#### Data below

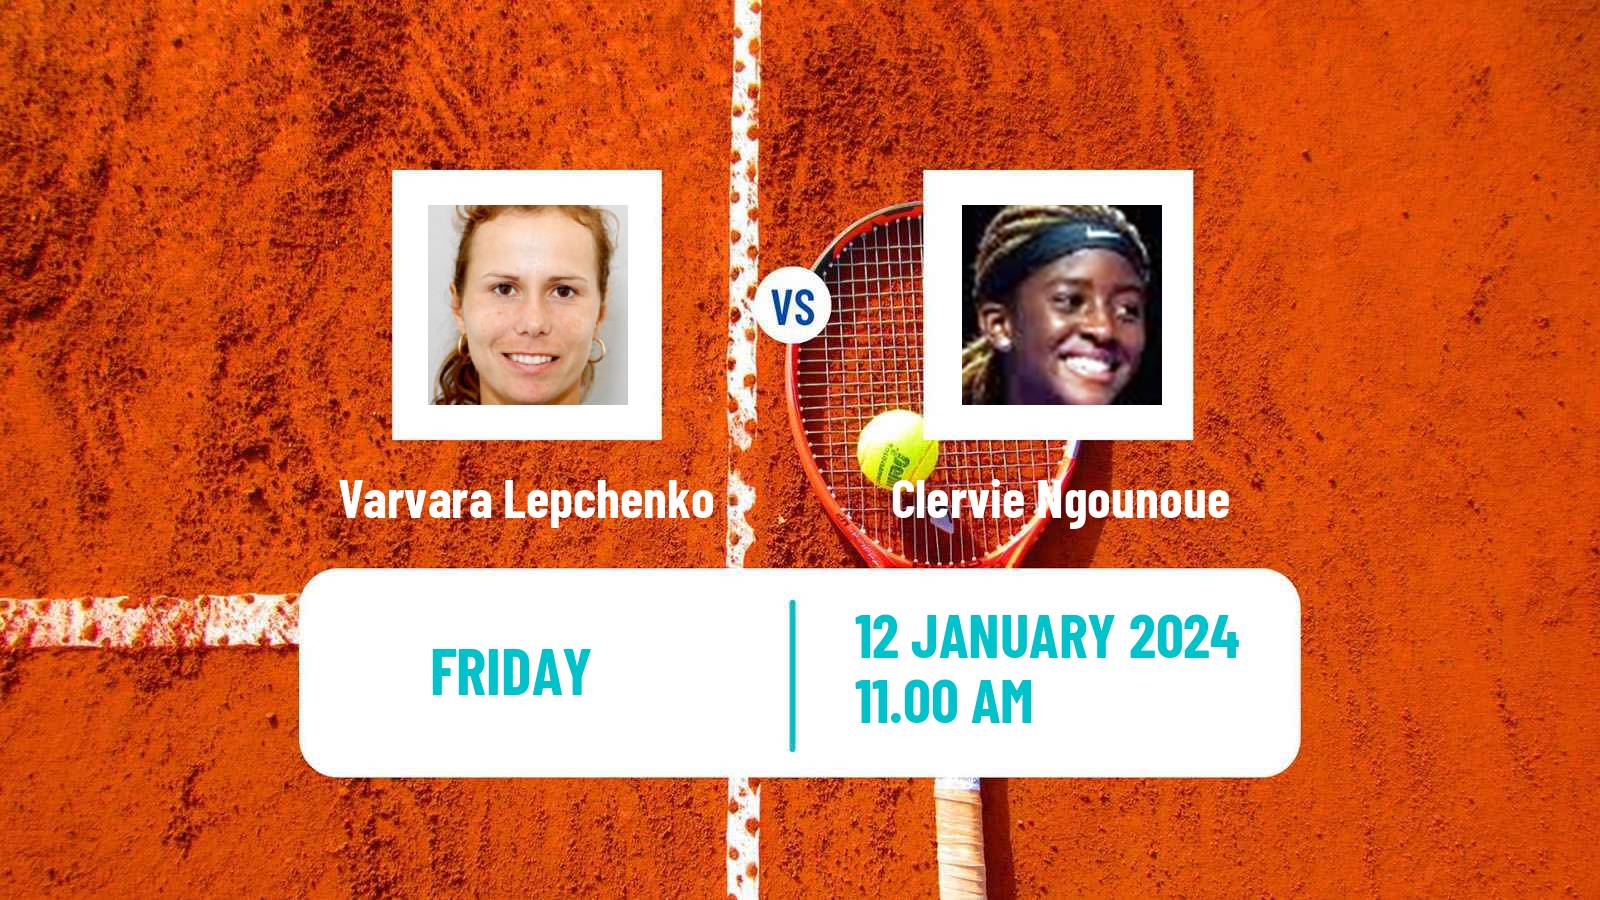 Tennis ITF W35 Naples Fl Women Varvara Lepchenko - Clervie Ngounoue
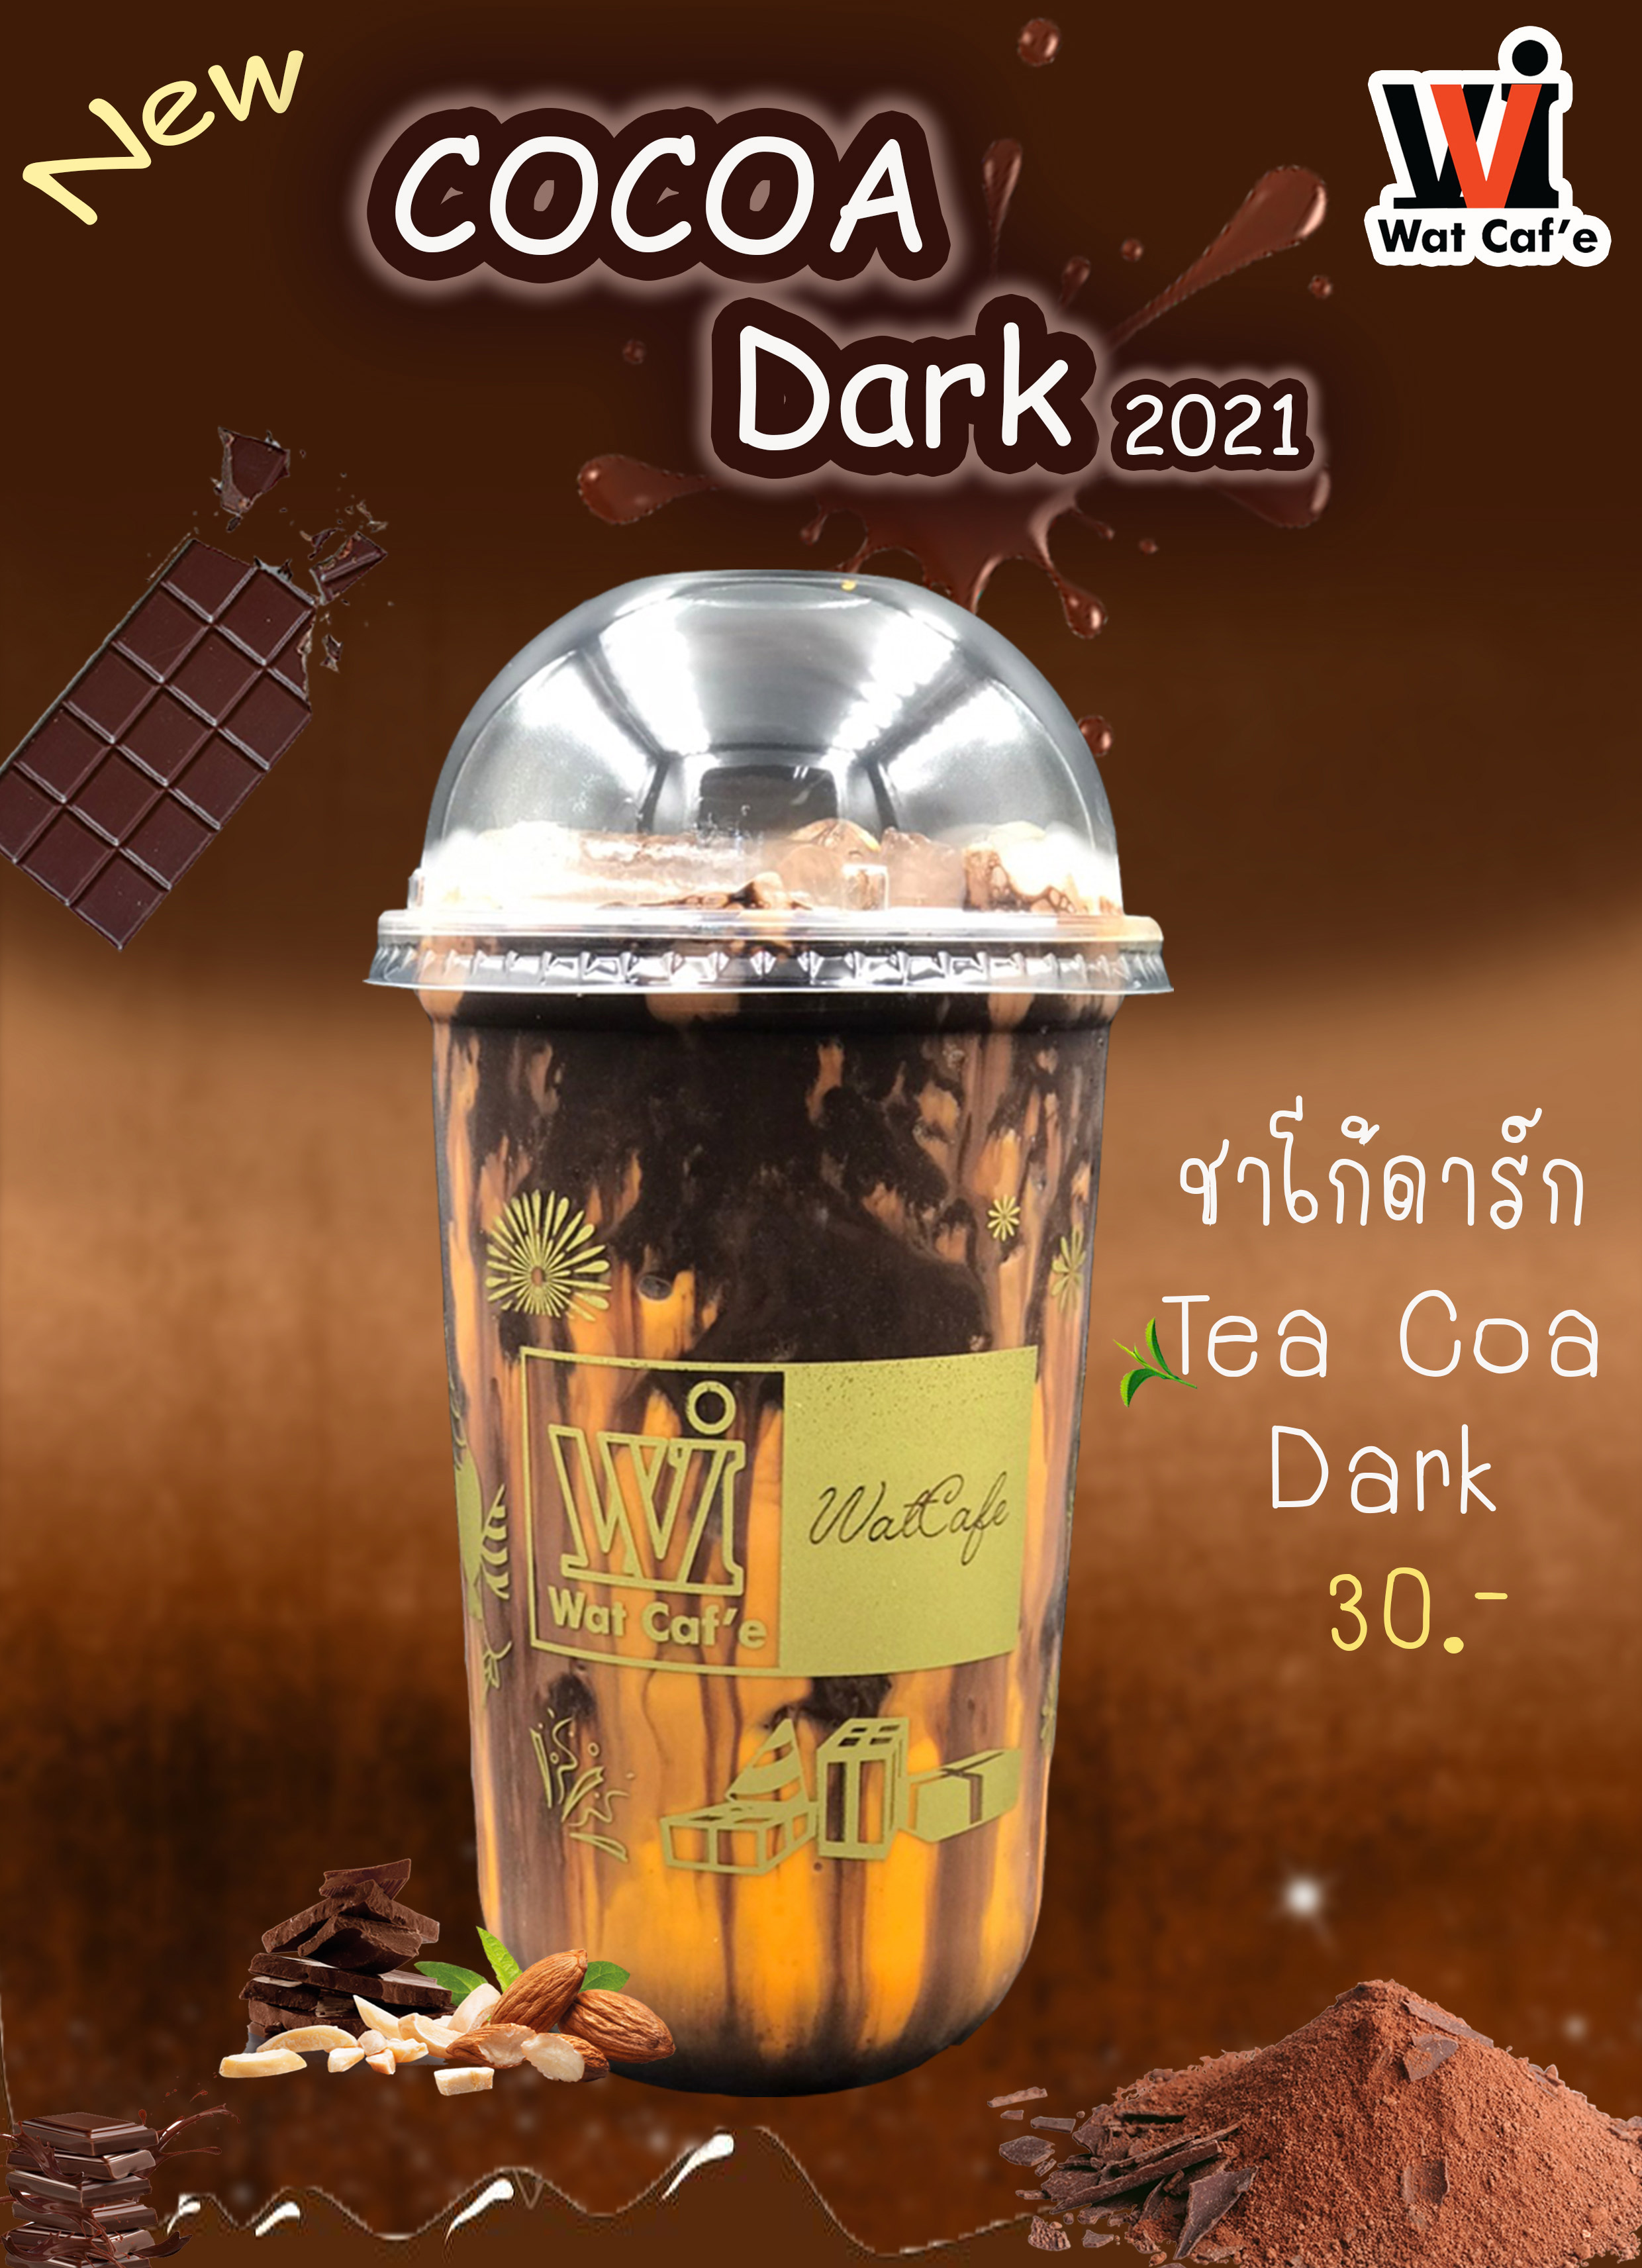 Tea Coa Dark
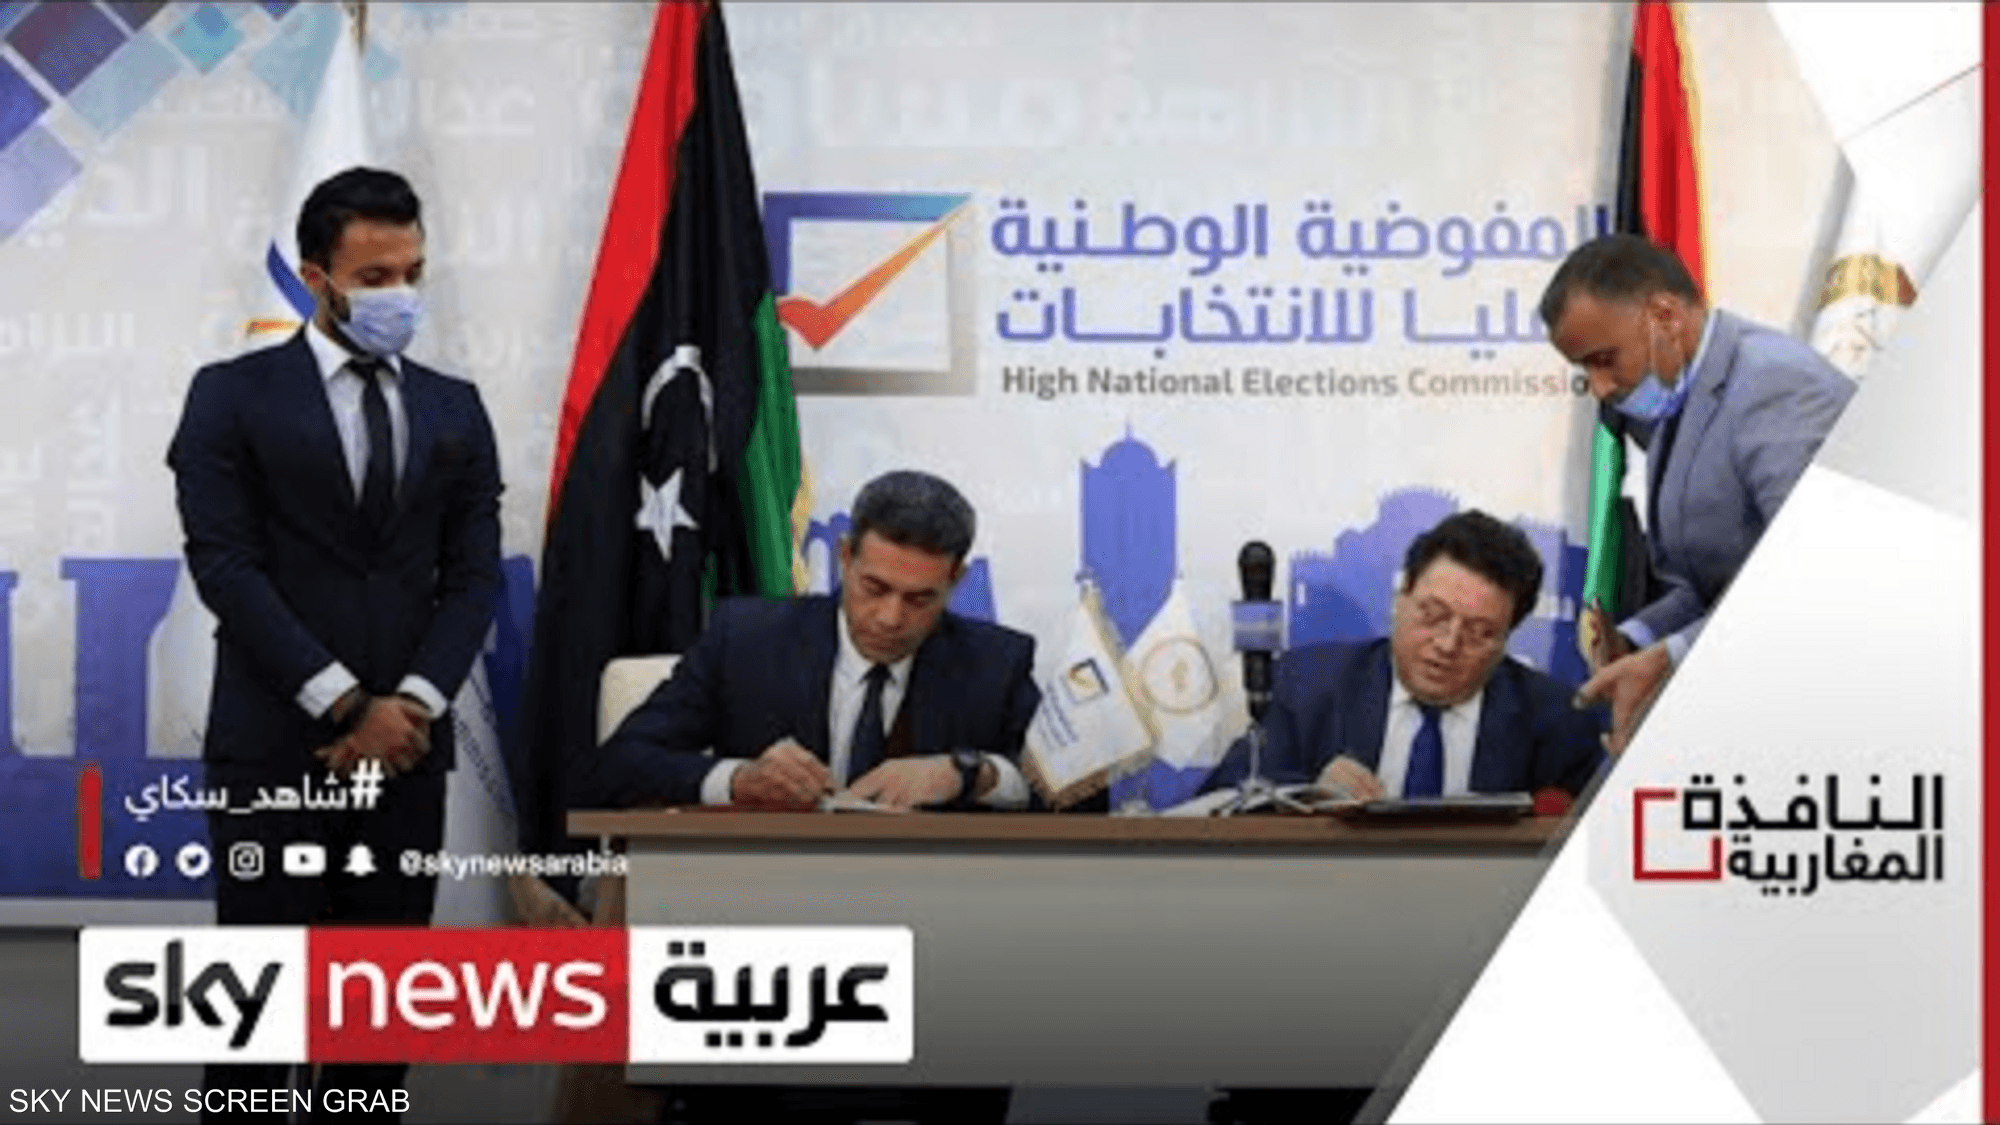 جدل قبول طلبات المرشحين يتصاعد في ليبيا

########

Exercise goal —
Set the material above down again word for word. Include none of its pictures.

Answer for this exercise —
 Tennis ITF W35 Naples Fl Women Varvara Lepchenko - Clervie Ngounoue
 Tea Coa Dark
 جدل قبول طلبات المرشحين يتصاعد في ليبيا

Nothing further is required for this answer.